1. Treatment of Early-Stage Disease
Conservative Treatments
Topical chemotherapy (5-Fluorouracil)
Imiquimod cream
Laser ablation
Cryotherapy
Mohs micrographic surgery
Organ-Preserving Surgery
Wide local excision
Partial glansectomy
2. Treatment of Invasive Disease
Surgical Management
Partial penectomy
Total penectomy (advanced cases)
Perineal urethrostomy after total penectomy
Lymph Node Management
Sentinel lymph node biopsy
Inguinal lymph node dissection
3. Radiotherapy
External beam radiotherapy
Brachytherapy
Useful in early disease or patients unfit for surgery
4. Chemotherapy
Used in advanced or metastatic disease:
Cisplatin-based regimens
Combination chemotherapy (TIP: paclitaxel, ifosfamide, cisplatin)

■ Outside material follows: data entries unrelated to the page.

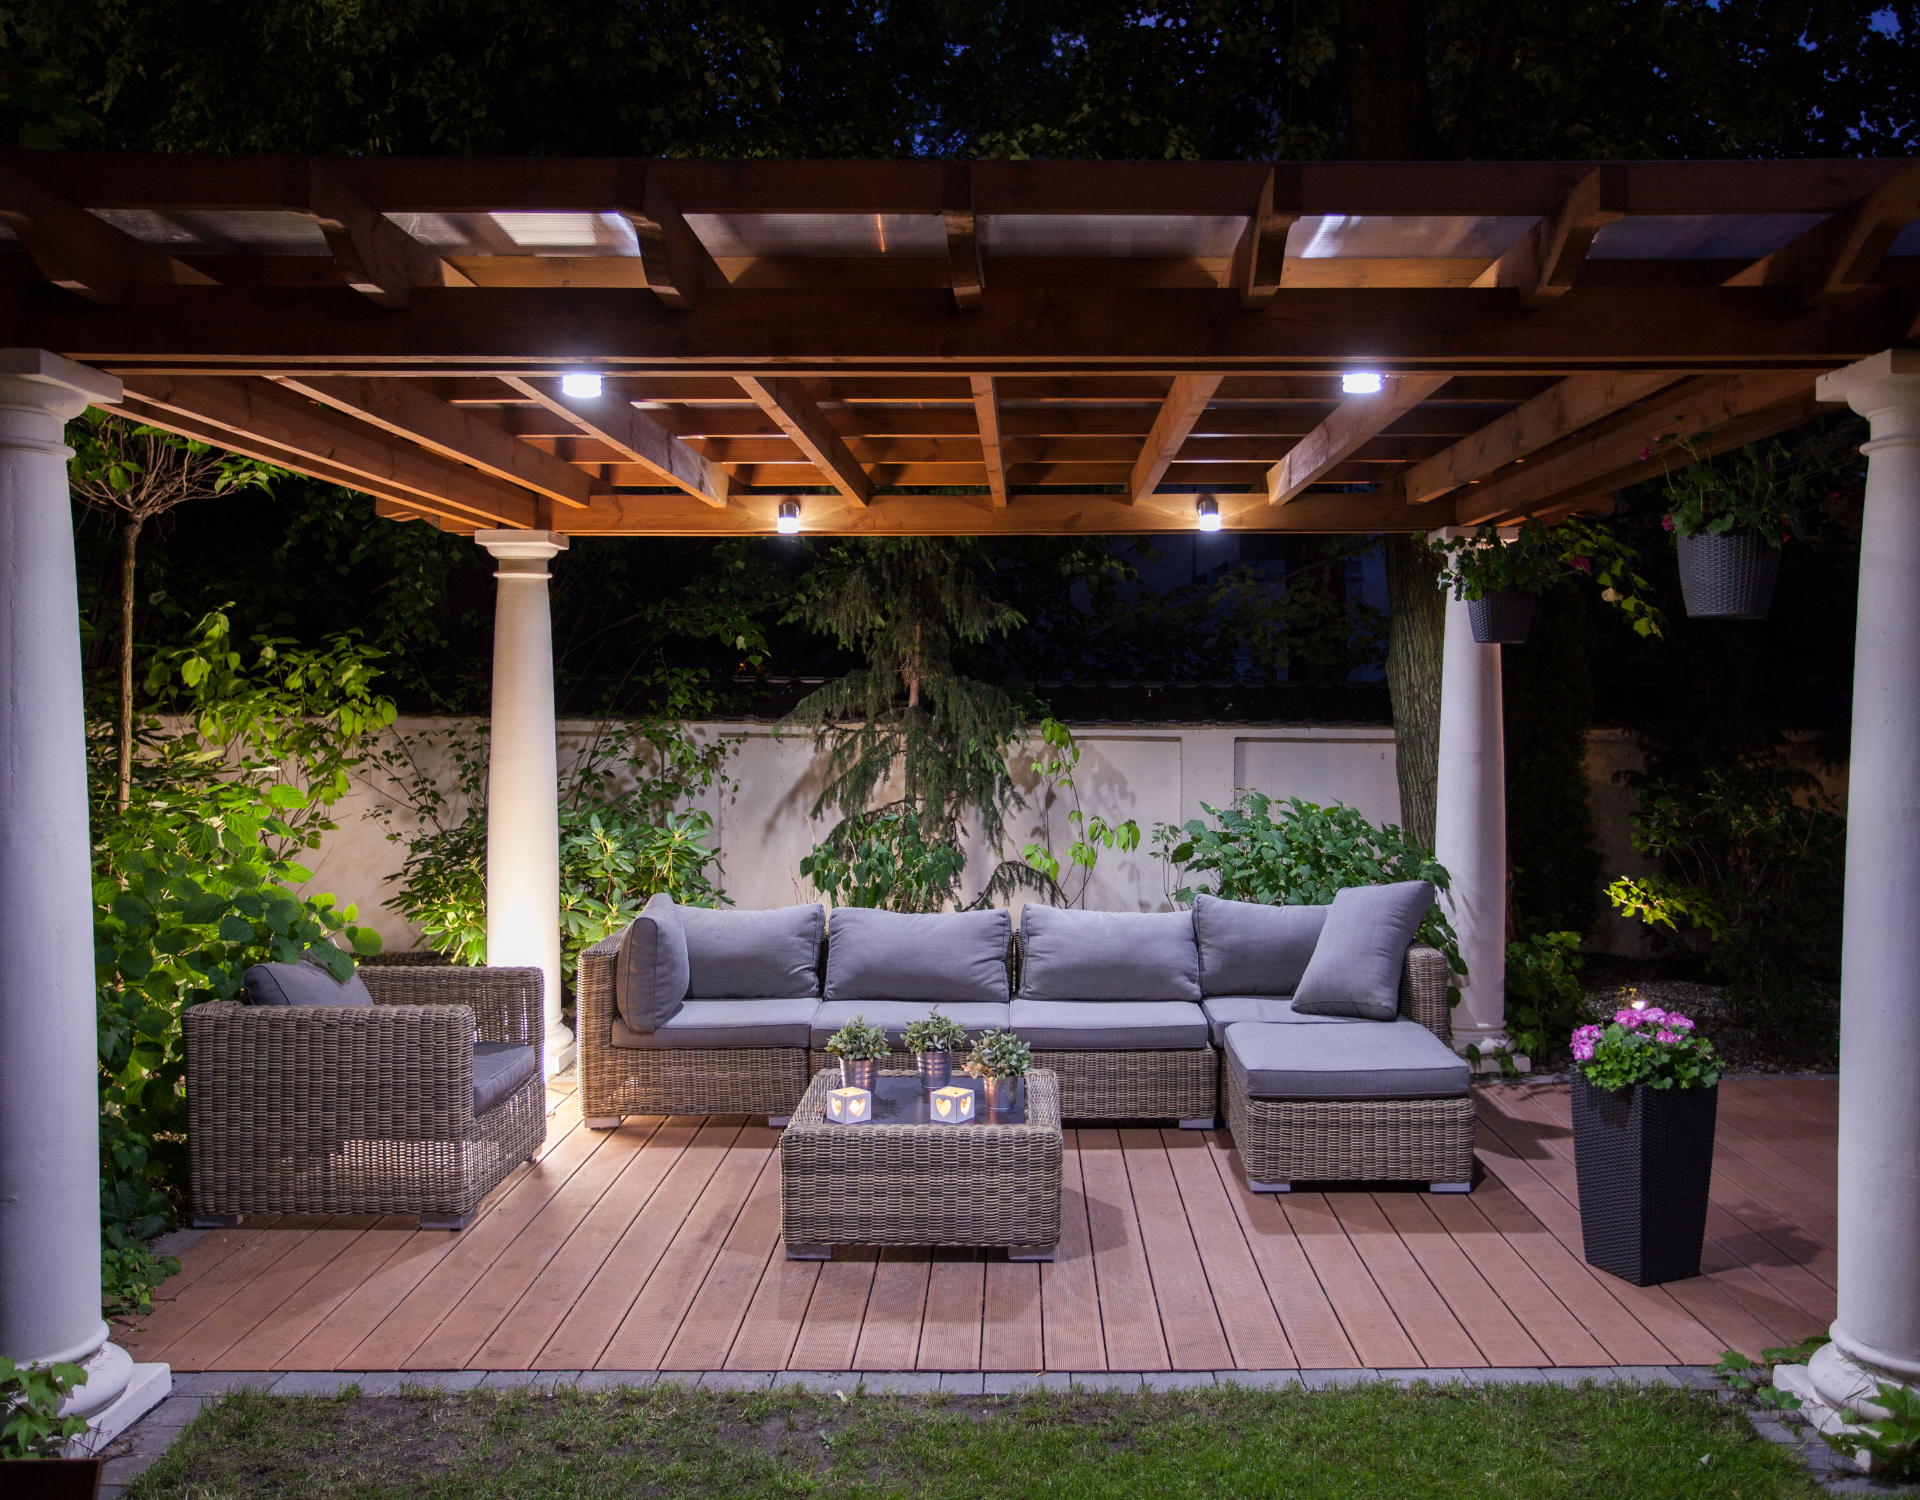 hs-arquitetura-quintal-area-recreacao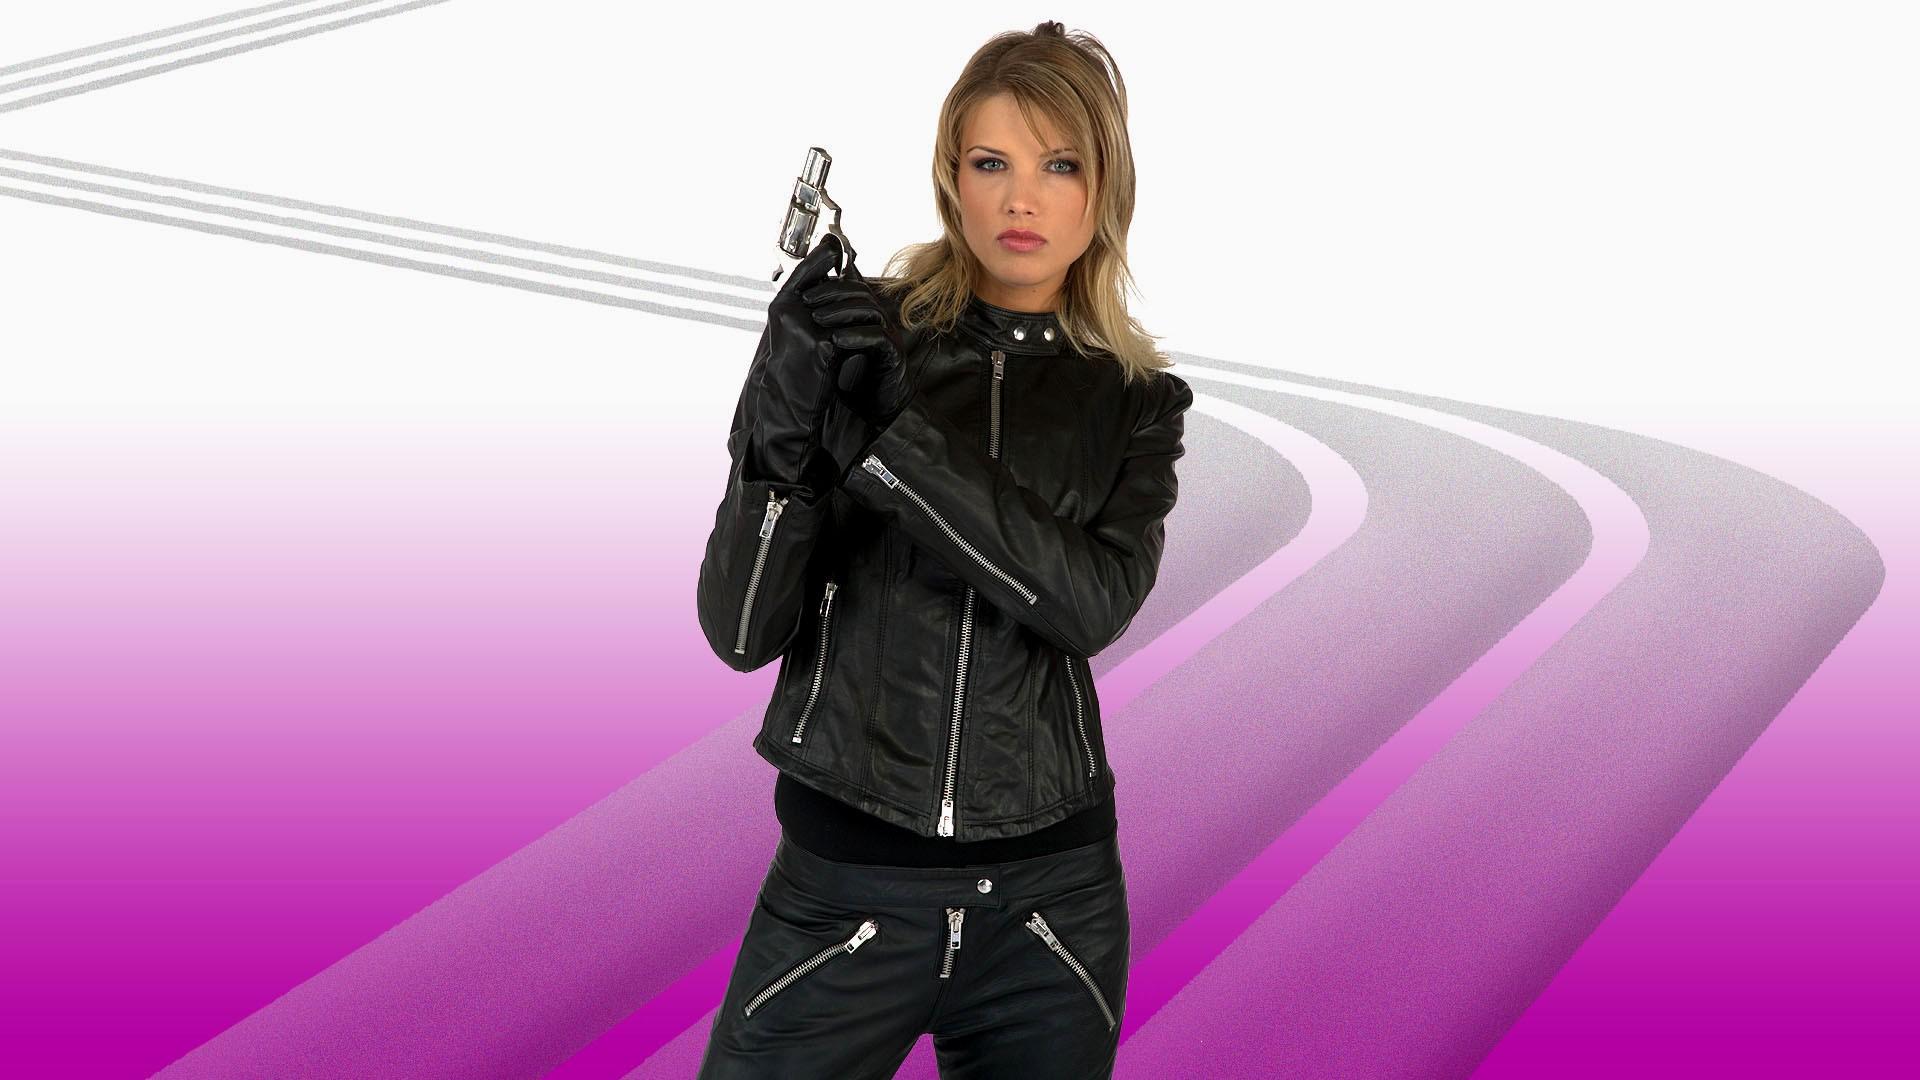 gun girl computer wallpapers - photo #17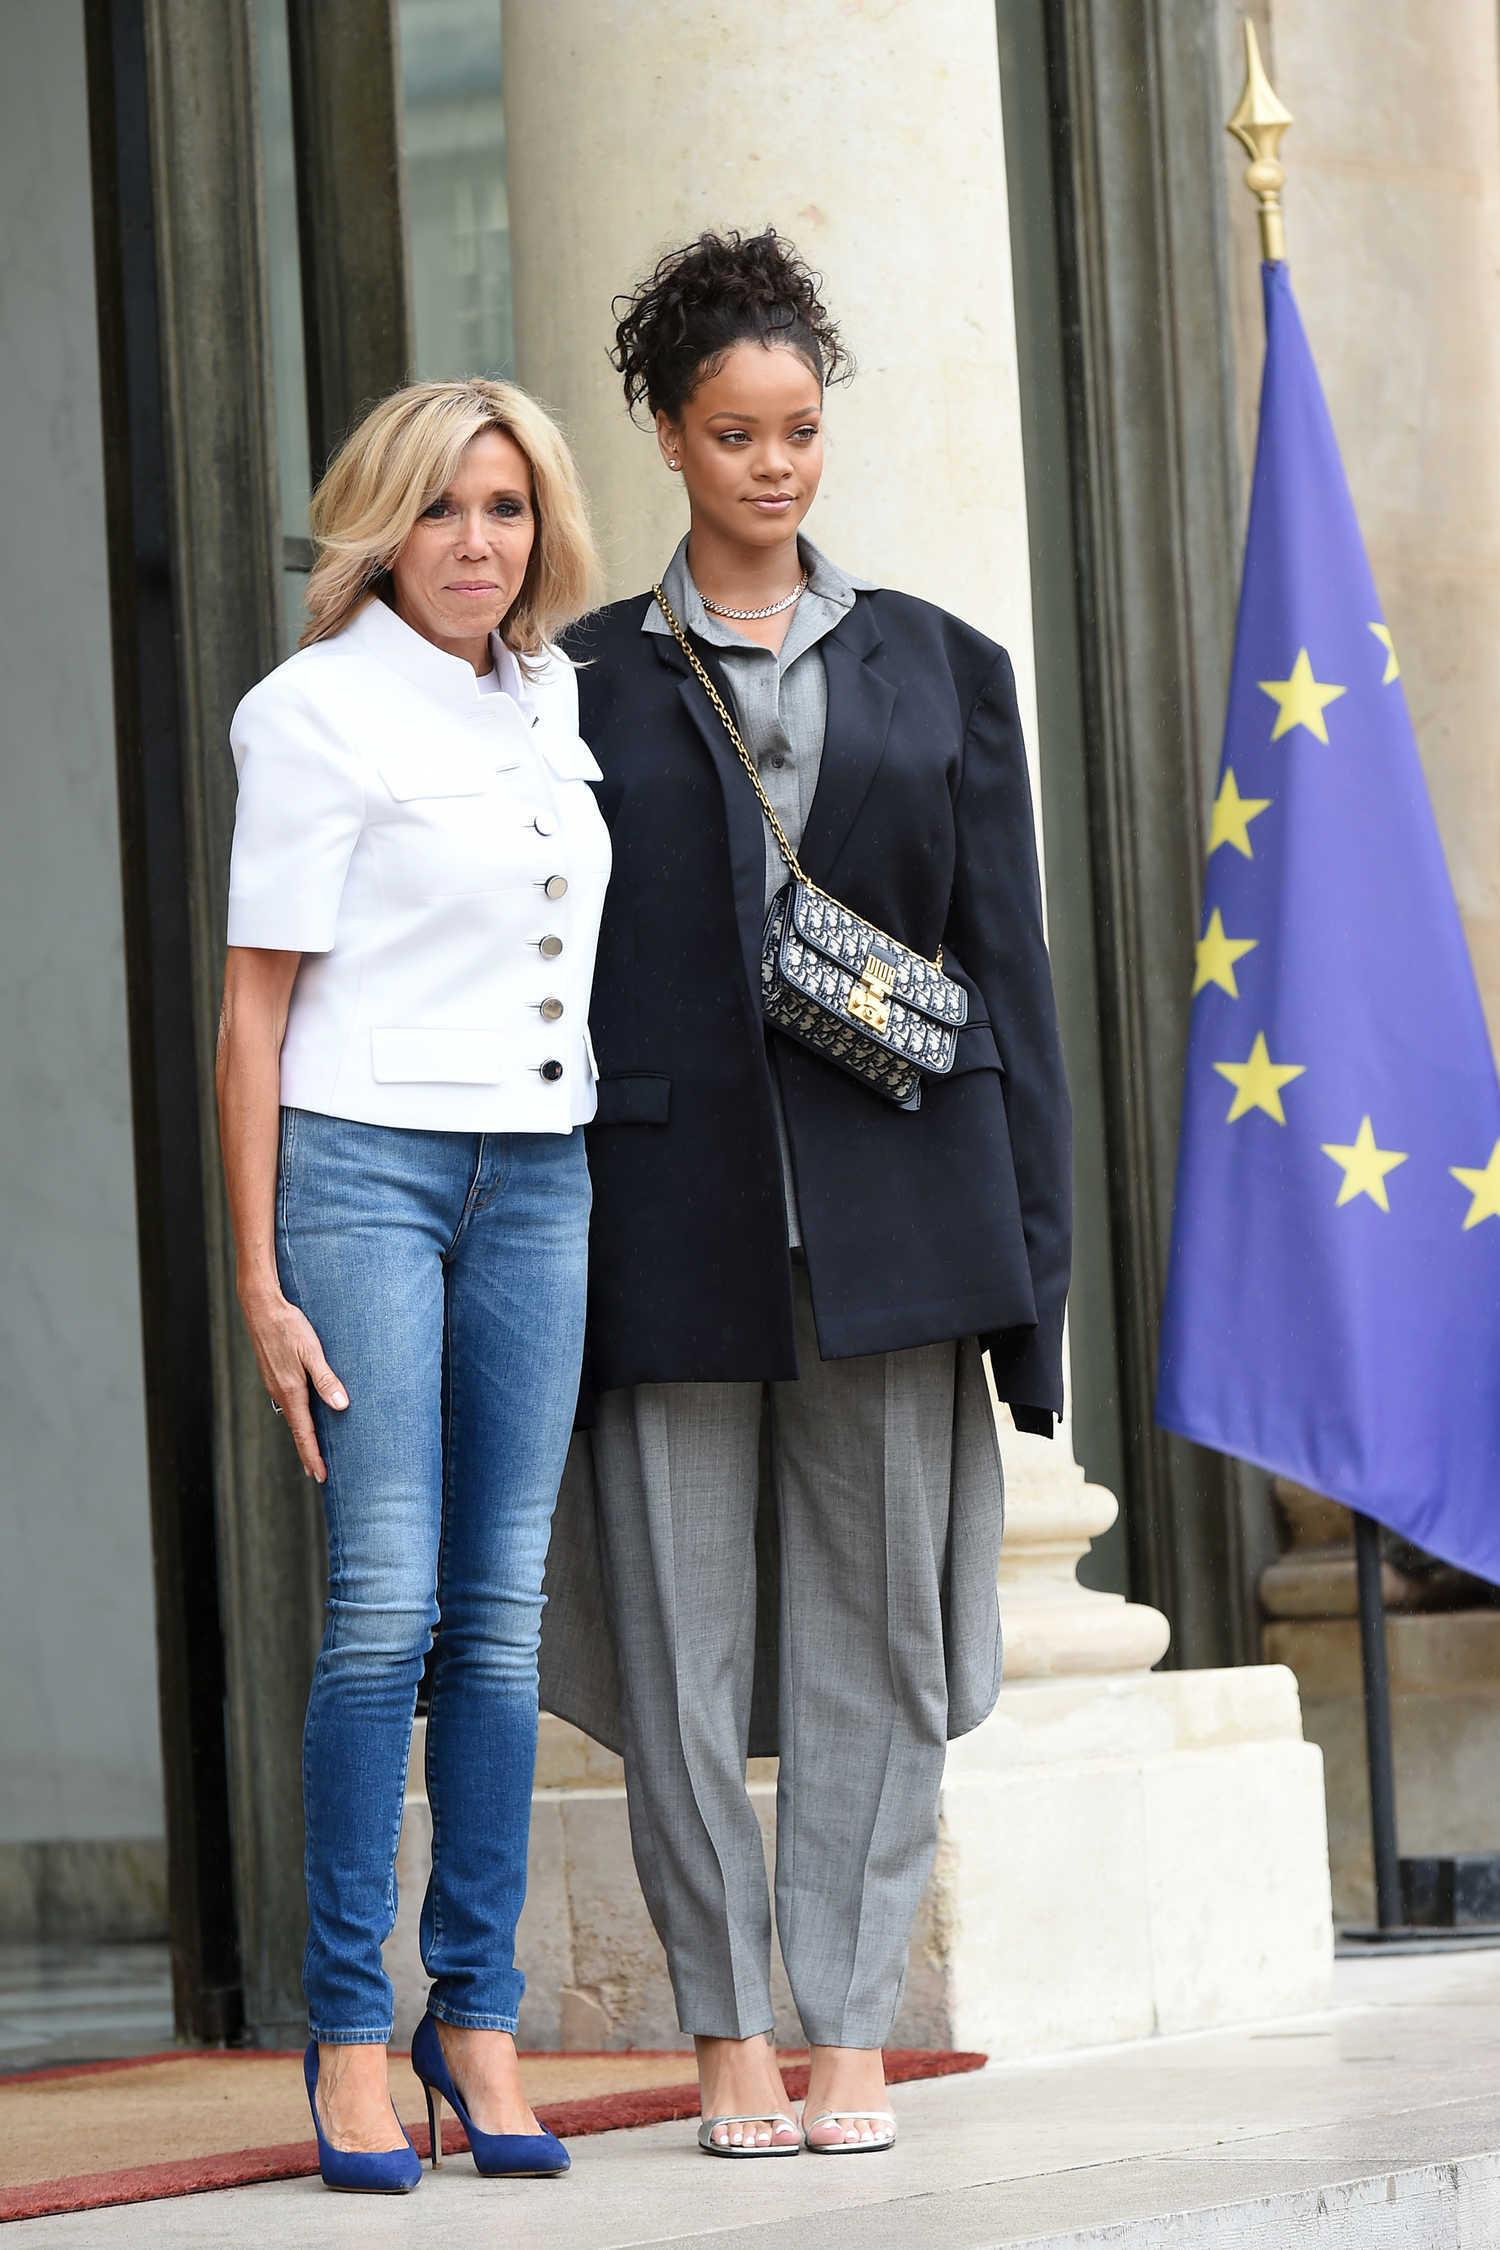 Rihanna Is Welcomed By Brigitte Macron At The Elysee

5. Targeted and Immunotherapy
Emerging role
HPV-related tumors show better response
~Prognosis
Prognosis depends mainly on:
Tumor stage
Lymph node involvement
Histological grade
Survival Rates
Localized disease: 70–90%
Regional lymph node involvement: 30–50%
Distant metastasis: Poor prognosis
Early diagnosis significantly improves survival and penile preservation.
~Prevention
Primary Prevention
Neonatal circumcision
Proper genital hygiene
Safe sexual practices
HPV vaccination (effective against oncogenic strains)
Secondary Prevention
Early detection of precancerous lesions
Regular medical examination
Prompt biopsy of suspicious lesions
~Psychosocial Impact
Penile carcinoma causes:
Psychological distress
Sexual dysfunction
Body image issues
Social stigma
Multidisciplinary care including psychological support and counseling is essential.
~Conclusion
Penile carcinoma is a rare but potentially fatal malignancy that predominantly affects older, uncircumcised men. Squamous cell carcinoma is the most common histological type, strongly associated with HPV infection, poor hygiene, and chronic inflammation. Early diagnosis through biopsy and appropriate staging is vital for effective management. Treatment ranges from conservative therapies in early stages to radical surgery and chemotherapy in advanced disease. Preventive strategies such as circumcision, hygiene, HPV vaccination, and public awareness play a crucial role in reducing disease burden. With early intervention and modern therapeutic approaches, survival rates and quality of life can be significantly improved.